Augy says that once you reach a certain age, change doesn't excite you much anymore. But the men do sometimes talk about how Fairmount is changing.
"The yuppies are moving in," says Jim O'Brien.
"They call it gentrification, don't they?" asks Augy.
"Well, I think you have to be a total ghetto to get that," O'Brien explains. "We were never quite there. Close, but no cigar."
Patty Ward's sister, Elaine Favuzzi, hasn't been chased out by the yuppies, and every now and again she drops by the park that she calls "a beautiful memory" of her brother. Bill Phillips visits, too. He still lives and works a few blocks away in a combination house and funeral parlor, the exterior of which is decorated with numerous American flags and yellow ribbons. Inside the house, there is a wealth of military paraphernalia, including a collection of books about World War II and an old cassette tape, sitting on the coffee table, labeled "Taps."
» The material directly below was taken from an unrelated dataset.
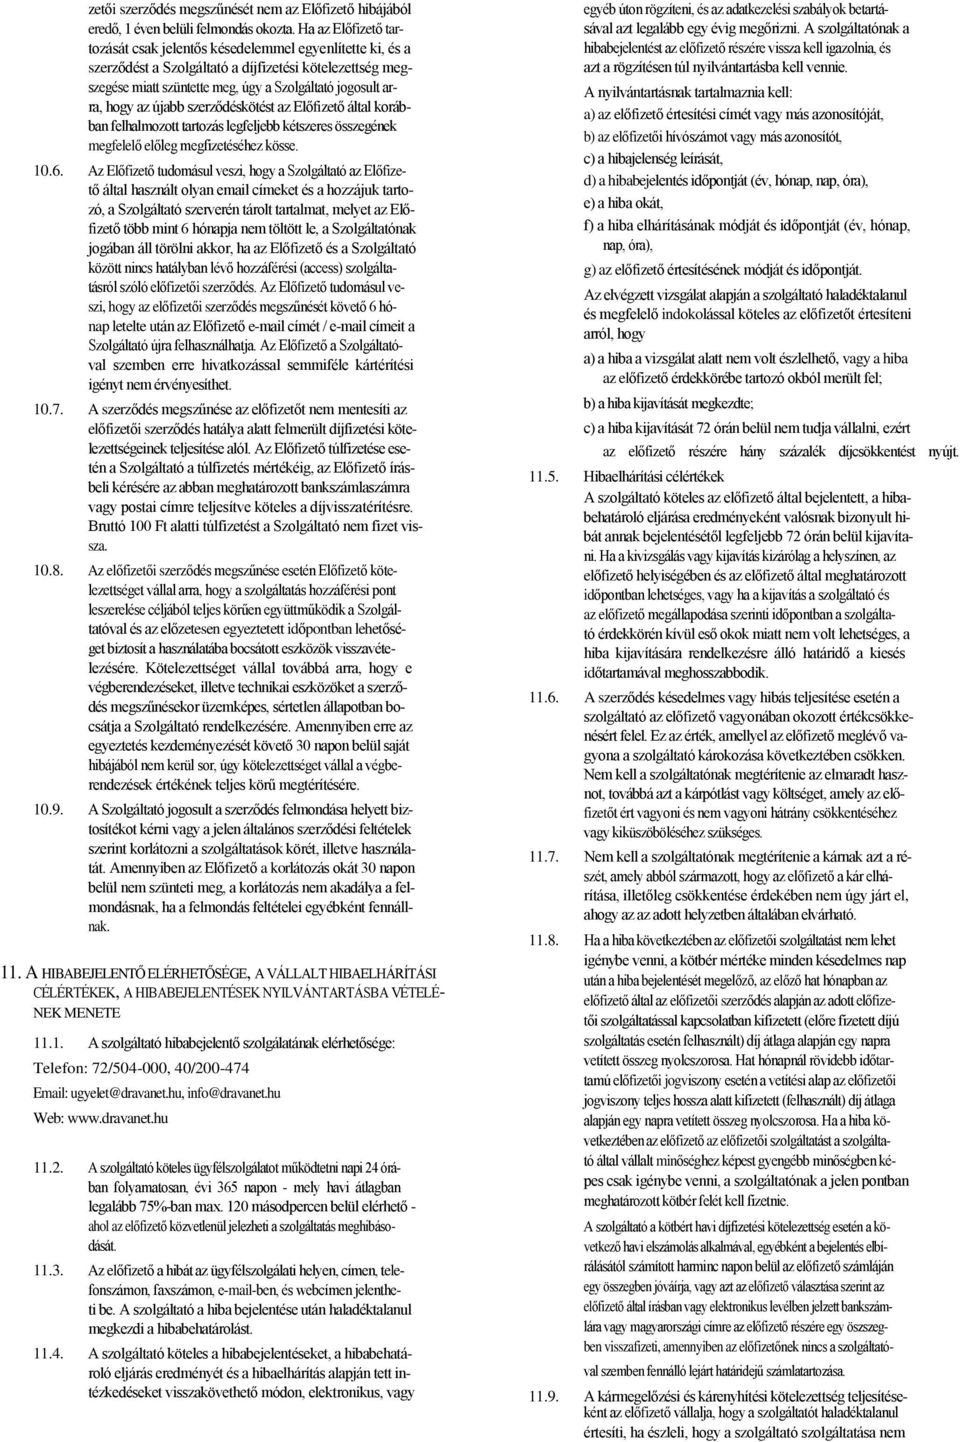 Általános szerződési feltételek (Drávanet Zrt.) - PDF Free Download

Phillips is a veteran of the National Guard, though he never served in combat. His son, William Jr., is serving with the Guard in Iraq right now. Though Phillips built Ward Park in the middle of a controversial war, he thinks it will take some time before anyone does something like that to commemorate an Iraq war vet.
"It'll have to wait for more men to come home," Phillips says. "That'll inspire people to do something in their honor."
The key, he says, is for an entire community to come together to honor one of their own.